Wyścig z czasem to domena ludzi młodych. Często zaczyna się zaraz po wyjściu z banku z pozytywną decyzją kredytową. Tych pozytywnych decyzji może być kilka: mieszkanie, samochód, lodówka. – Jesteśmy pokoleniem na dorobku – mówi Michałowski. – Ale tak naprawdę to nie praca się liczy, ale dzieci – uśmiecha się do Karolka.

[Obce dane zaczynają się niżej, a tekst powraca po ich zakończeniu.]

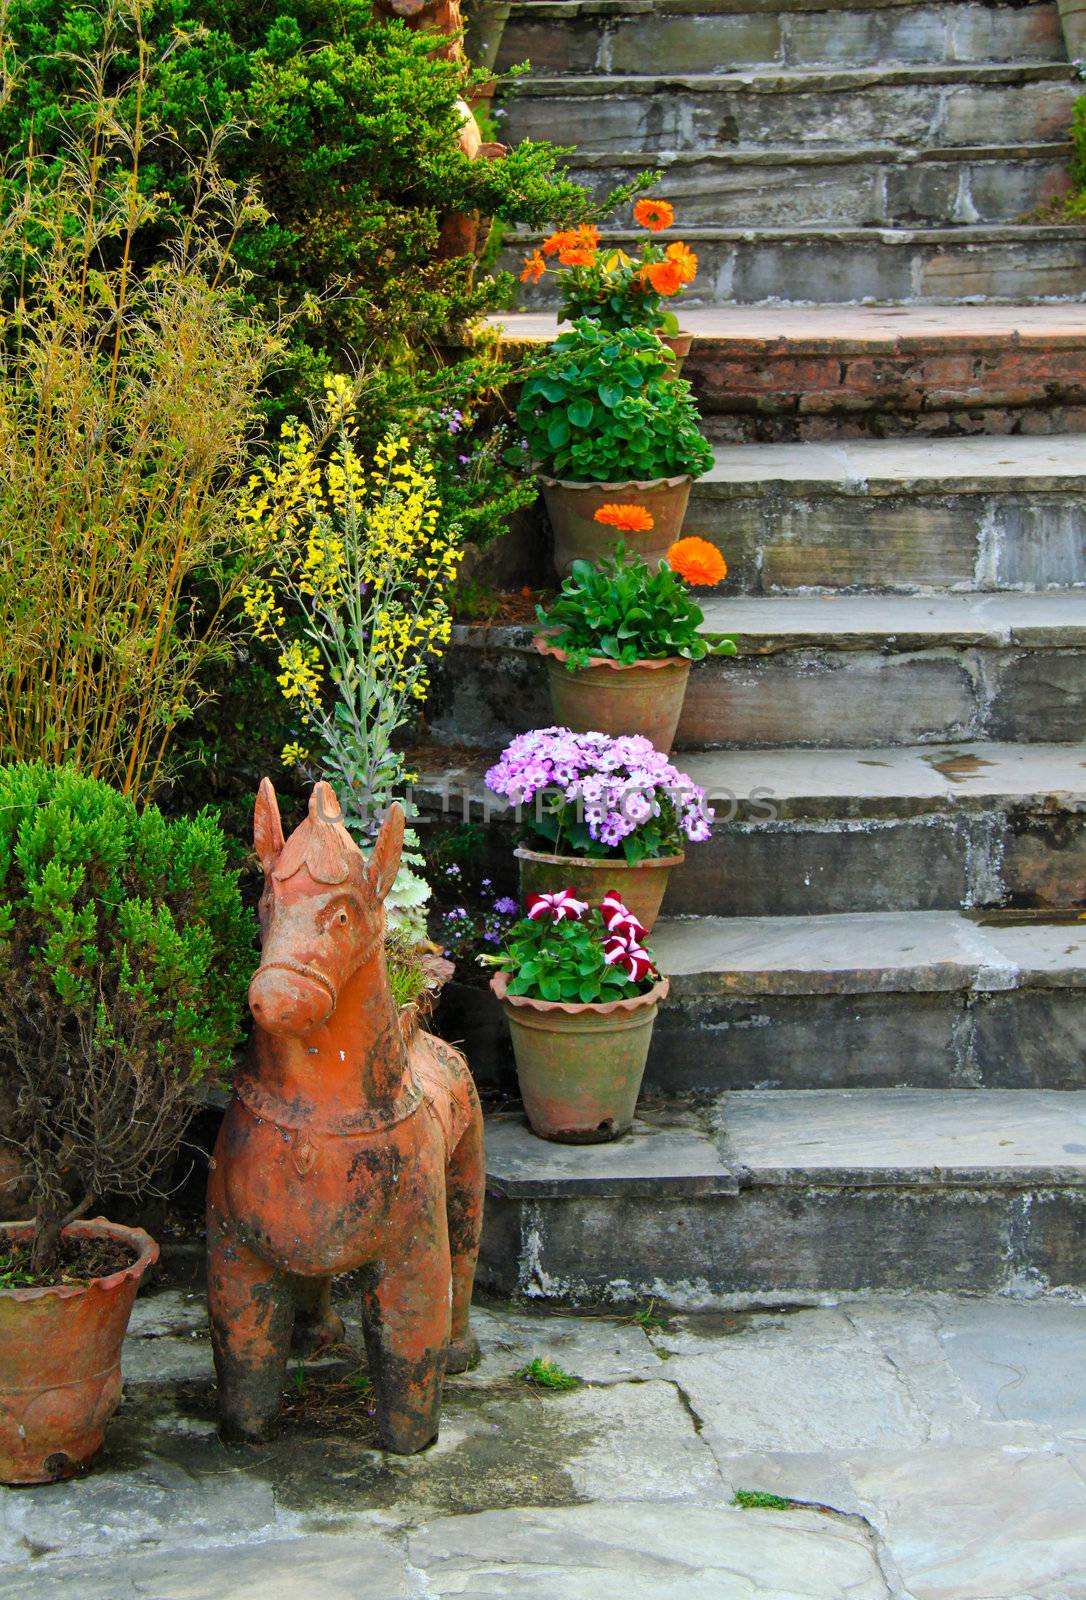 Ornament stair in garden by nuchylee

Jak długo da się żyć na wysokich obrotach? – No właśnie – Michałowscy zgodnie potakują głowami, po czym do Maćka dzwoni ktoś z pracy, choć dochodzi 20.00. Kasia, trzymając synka na rękach, pochyla się nad kuchnią. Często gotuje tak, aby starczyło na dwa dni. Korzysta z półproduktów albo robi szybkie dania złożone z prostych składników. O krojeniu marchwi nie ma mowy.

Najwolniejsze ogniwo

– Jesteśmy coraz bardziej zabiegani – mówi Łukasz Krzyżanowski, doktorant socjologii na Uniwersytecie Warszawskim. – Faksy, telefony komórkowe i internet zapewniają szybki przepływ informacji. Procesy komunikacyjne, które trwały kiedyś kilka dni, a czasem i miesięcy, dziś załatwiamy jednym kliknięciem myszki. W sytuacji rozwoju technologicznego człowiek okazuje się najwolniejszym ogniwem. Aby nadążyć, musimy przyspieszyć – komentuje. Jeśli przyjęlibyśmy rozumowanie Krzyżanowskiego, oznaczałoby to, że im większy postęp cywilizacyjny, tym bardziej zabiegani ludzie.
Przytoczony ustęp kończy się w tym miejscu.